A scaffolding-level constraint is enforced. When a PreToolUse hook intercepts a file write, the hook runs regardless of what the model decided. The model cannot reason its way around a hook that exits non-zero. It receives an error and has to try a different approach.

The practical difference looks like this:

## CLAUDE.md (advisory)
Do not write to the migrations/ directory without user confirmation.

#!/bin/bash
# scripts/guard-migrations.sh (enforced via PreToolUse hook)
# Receives the tool input as JSON via stdin
FILE=$(python3 -c "import sys,json; print(json.load(sys.stdin).get('file_path',''))")
if echo "$FILE" | grep -q '/migrations/'; then
  echo 'Blocked: migrations directory requires explicit confirmation'
  exit 1
fi
exit 0

The CLAUDE.md version relies on the model attending to that instruction across a long session, through potential compaction boundaries, and under the lost-in-the-middle attention penalty. The hook version executes at the scaffolding level. If the model generates an edit to a migrations file on tool call 73, the hook intercepts it regardless of what the model remembered from the beginning of the session.

This pattern matters most in exactly the conditions where coding agents are most appealing: long autonomous sessions, CI pipeline integration, background refactors running without supervision. The shorter and more supervised the session, the less the distinction matters. The longer and more autonomous, the more it matters.

Compute State vs.

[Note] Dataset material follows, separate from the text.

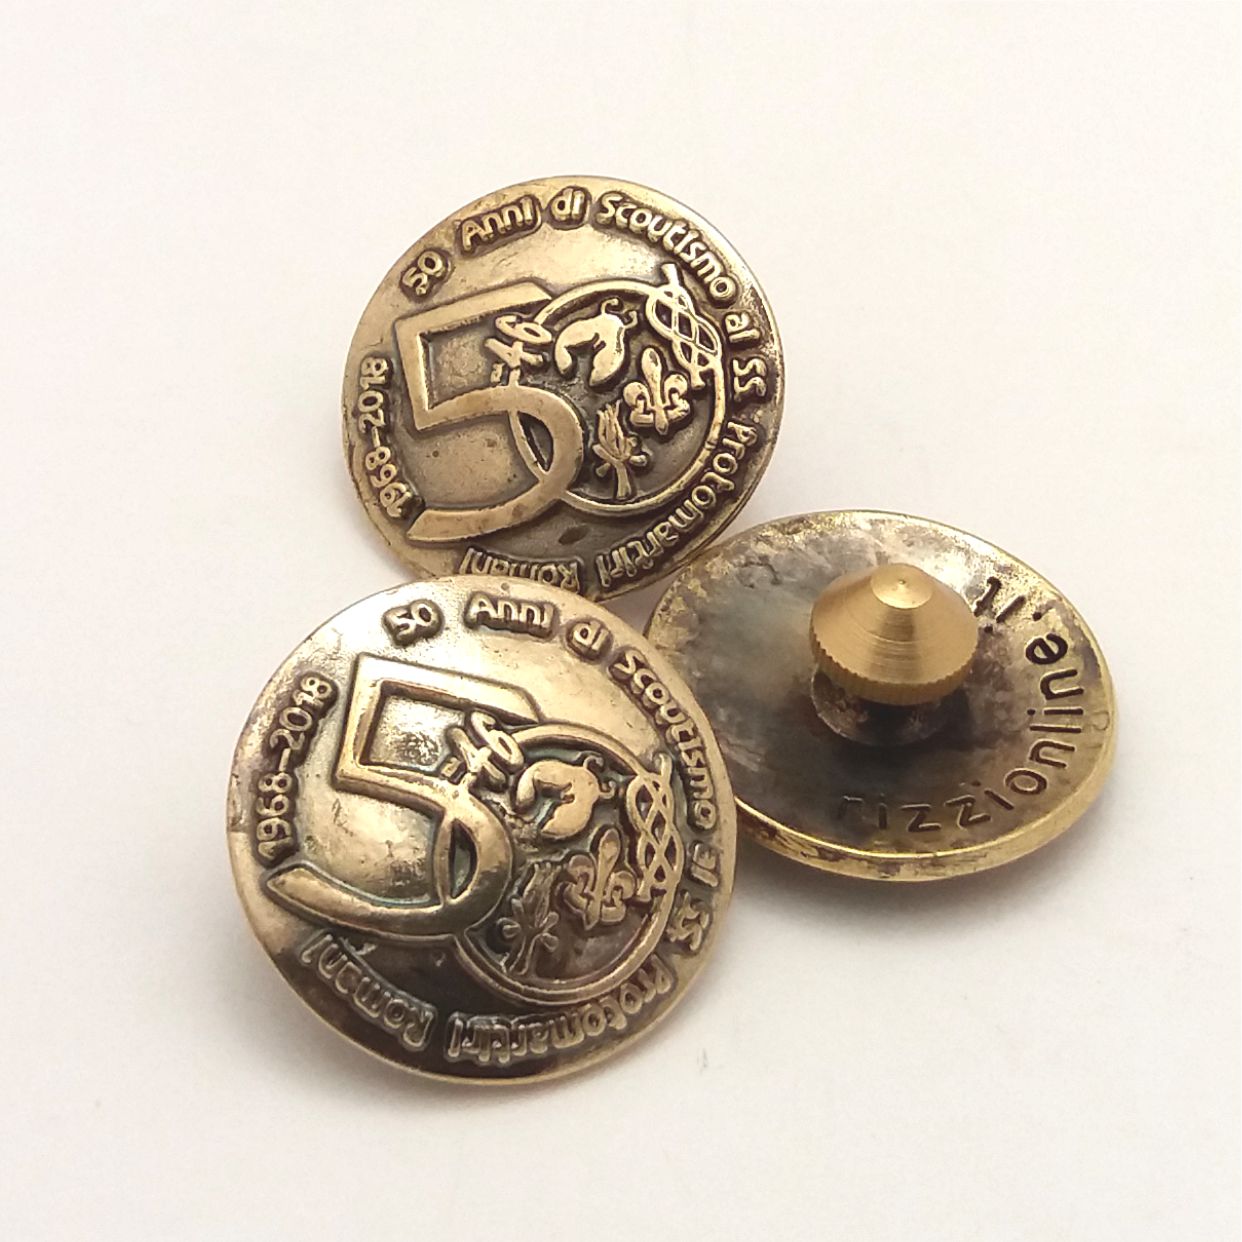 Distintivi per cintura in metallo ottonato ed anticato

Context State

There is a related problem that the context layer cannot address at all. The model’s context window holds the conversation. The execution environment holds compute state: installed packages, modified files, running processes, environment variables, git state.

When an agent reads a file, that content enters the context window. When the agent modifies the file, the file changes on disk. The context window now contains an outdated version. If the agent reasons from the version it read earlier rather than the current on-disk state, its reasoning may be wrong.

This is manageable for simple cases. It becomes subtle in multi-file refactors where the agent edits file A, changing an interface, and later generates code for file B based on a remembered version of A rather than the modified one. Well-engineered scaffolding reduces this through explicit re-reading before editing and through test runs that catch inconsistencies across files. None of it eliminates the problem, and all of it adds to the context budget.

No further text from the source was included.